Chronos Apollonios' "Home on Olympus"
Drawing from the Codex Duran
Here is a scene from the Codex Duran depicting "Aztec Ritual Sacrifice". Below, is a drawing depicting alleged ritual human sacrifice by the Aztec people of Mesoamerica that is far more notorious, the scene from Friar Bernadino de Sahagun's "General History of the Things of New Spain", also known as the Codex Florentino, or the Florentine Codex.
What's wrong with this picture? For starters, every scholar "knows", or at least will tell you, that the "victims" of scarifices weren't forced. Eyewitness or not, it was probably drawn by someone with considerable medical and anatomical knowledge, and yet there is no detail of internal organs.
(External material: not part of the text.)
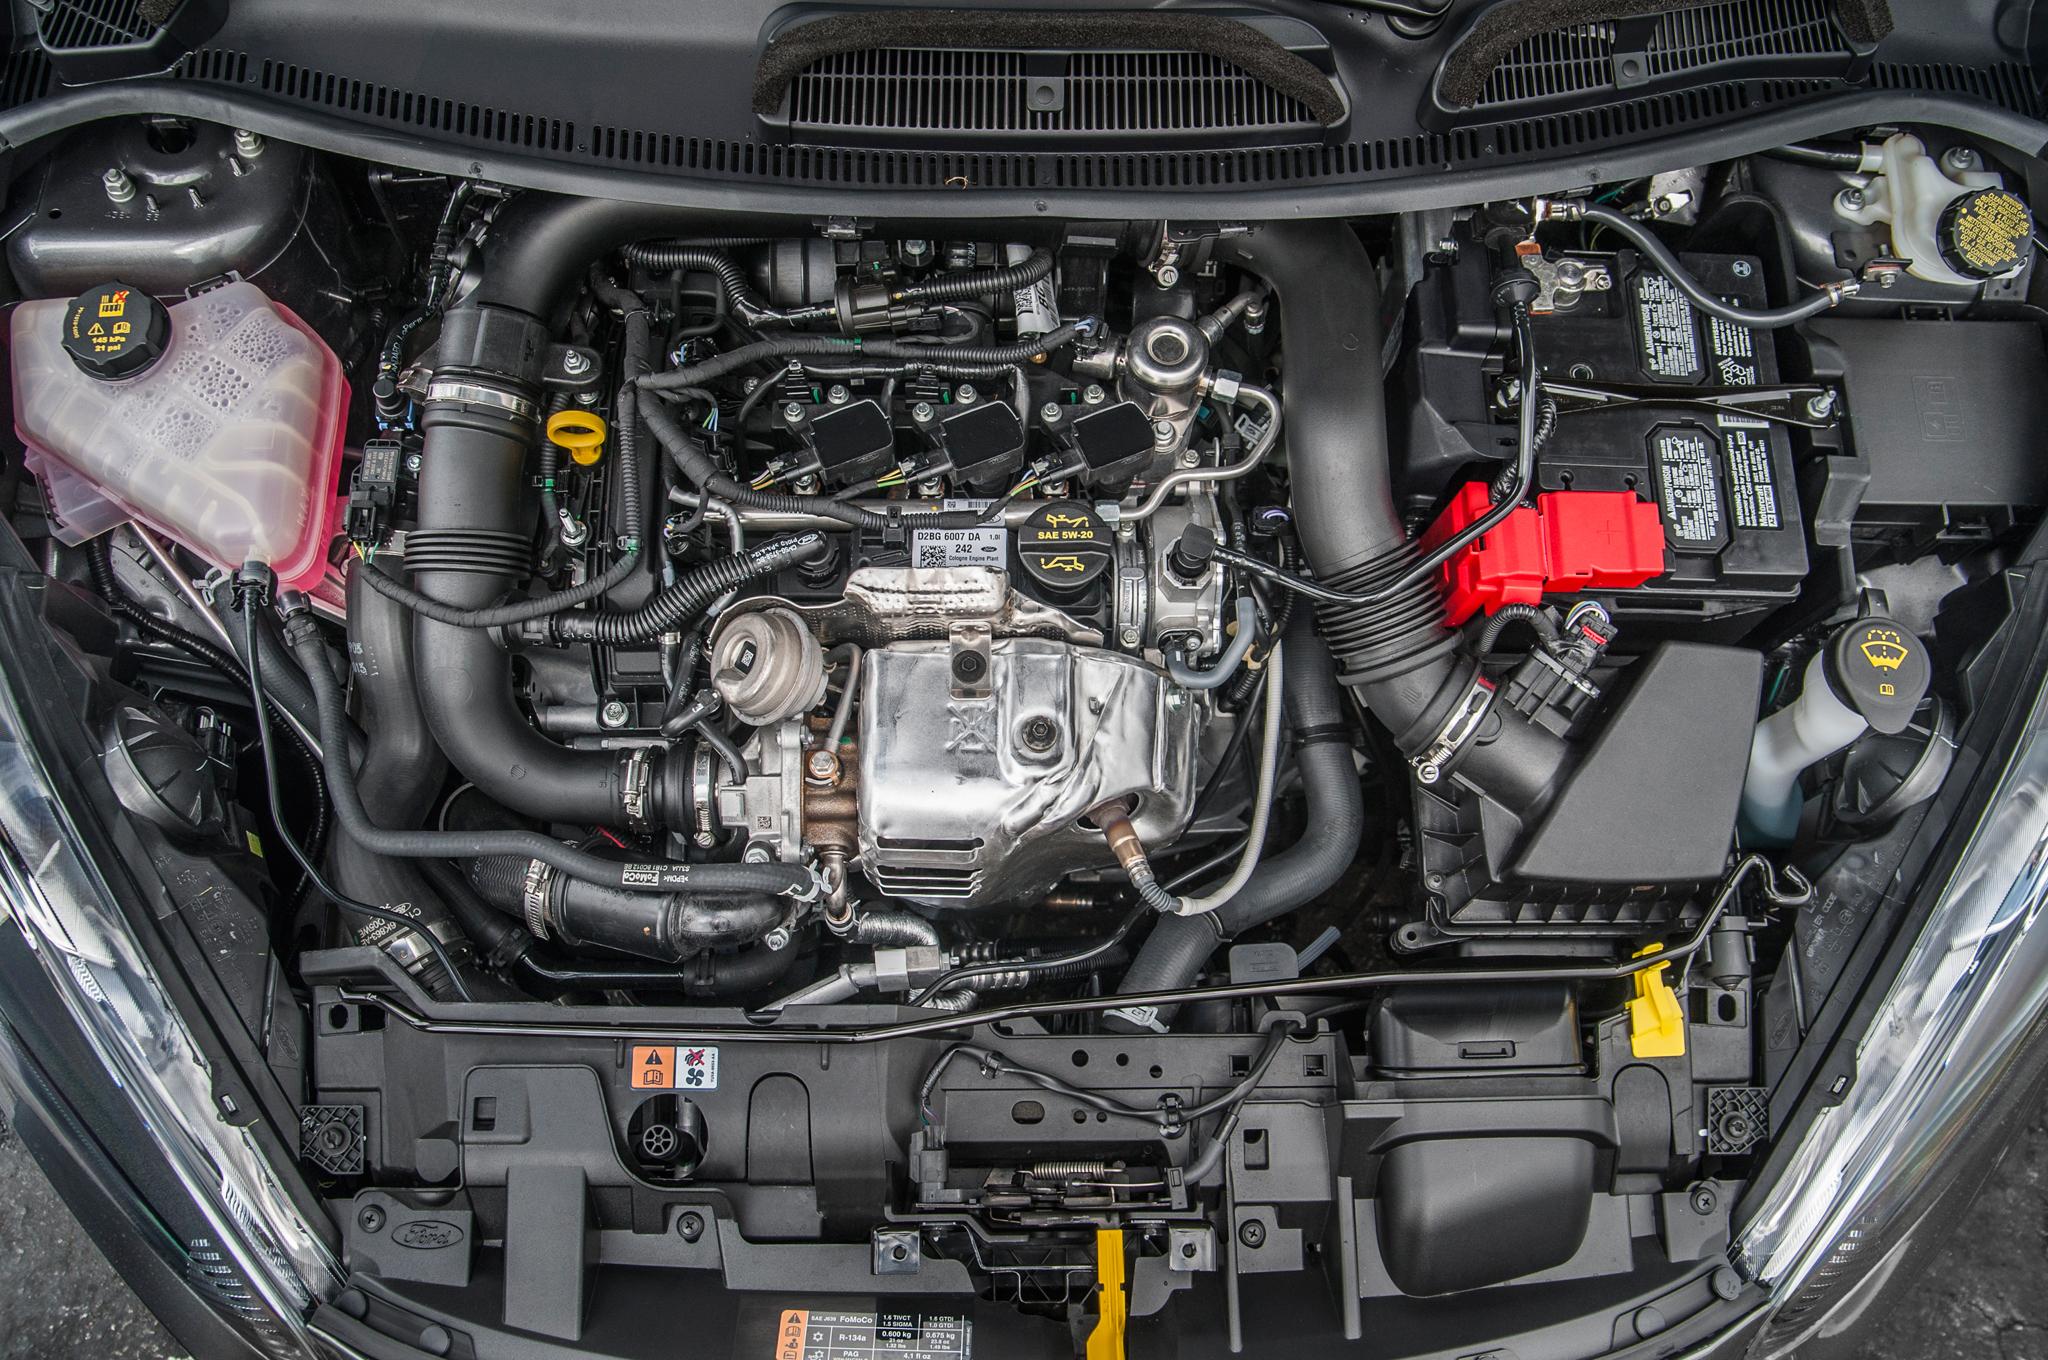 Ford Fiesta Engine Size Car Reviews 2018 2013 Diagram Head To Honda Jazz 1 3 Vs 0 Ecoboost Carsomesg

The apparent absence of the later from the Internet/ World-Wide Web (along with other famous vignettes from the same source that also appear in a large percentage of any general work, such as the page featuring ancient molecular diagrams which I am likewise still trying to locate after many many hours searching, for the benefit those reading the pages on this site about ancient microscopy… and also the very common photographs of Tutankhamen's nebris, for those reading that particular page of this site) is frustrating, troubling, and even alarming… there seems little difference in the end between the outcome of these oversights and the outcome of conspiracy.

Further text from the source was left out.